Yoon S, Lee H, Ji SC, Yoon SH, Cho JY, Chung JY

Clin Pharmacol Drug Dev. 2020 Mar 19. doi: 10.1002/cpdd.790. [Epub ahead of print]

Abstract

Ursodeoxycholic acid (UDCA) is a secondary bile acid that is used to treat primary biliary cholangitis. Although UDCA has a hepatoprotective effect in some diseases, its benefit in nonalcoholic fatty liver disease (NAFLD) remains controversial. We aimed to evaluate the pharmacokinetics (PK) and pharmacodynamics (PD) of UDCA in overweight subjects with elevated liver enzymes after multiple administrations of UDCA and compare these changes with vitamin E treatment. Overweight subjects (body mass index, 25-30 kg/m2 ) with elevated alanine aminotransferase (ALT) level (40-200 IU/L) were enrolled. Subjects received one of the following three 8-week treatments: UDCA 300 mg twice daily UDCA 300 mg twice daily for 4 weeks followed by UDCA 300 mg twice daily and metformin 500 mg twice daily for 4 weeks, and vitamin E 400 IU twice daily. PK and PD (liver function, lipid profiles, insulin sensitivity, and miR-122) analyses were performed.
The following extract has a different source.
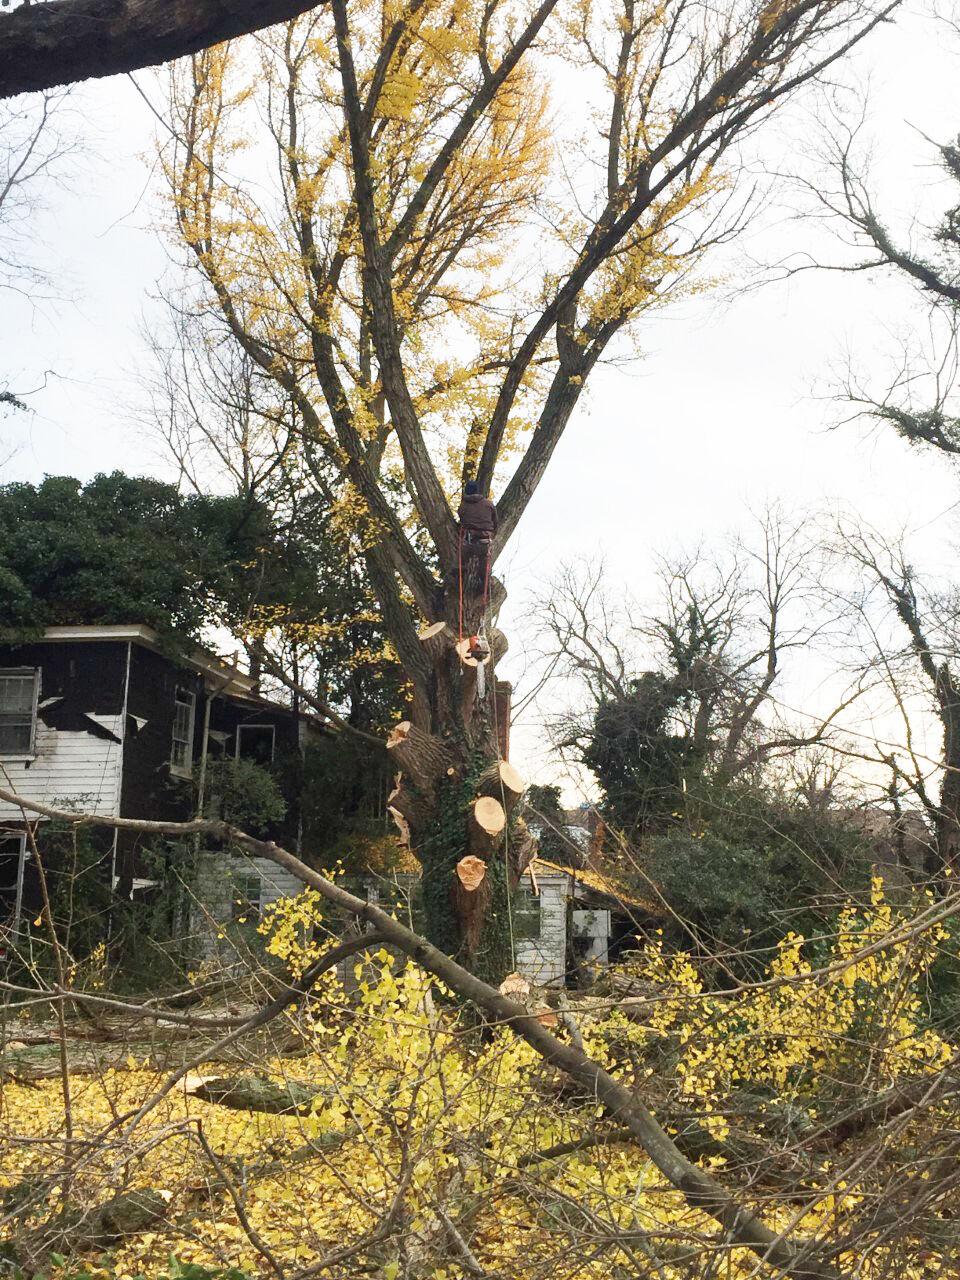 photo_ft_news_gingko tree down 3_120920 copy.jpg

Thirty subjects were enrolled; 1 subject withdrew his consent during the study. The PK characteristics were similar to those of healthy volunteers. The ALT and miR-122 levels decreased in the UDCA groups, whereas the ALT and aspartate aminotransferase levels decreased in the vitamin E group. The lipid profiles and insulin sensitivity did not show significant changes among the groups. There was no serious adverse event, and the safety profiles were similar among the treatment groups. The liver enzyme and miR-122 levels were decreased by UDCA. Considering UDCA and vitamin E have a hepatoprotective effect and different mechanisms of action, combination therapy could be an option for NAFLD.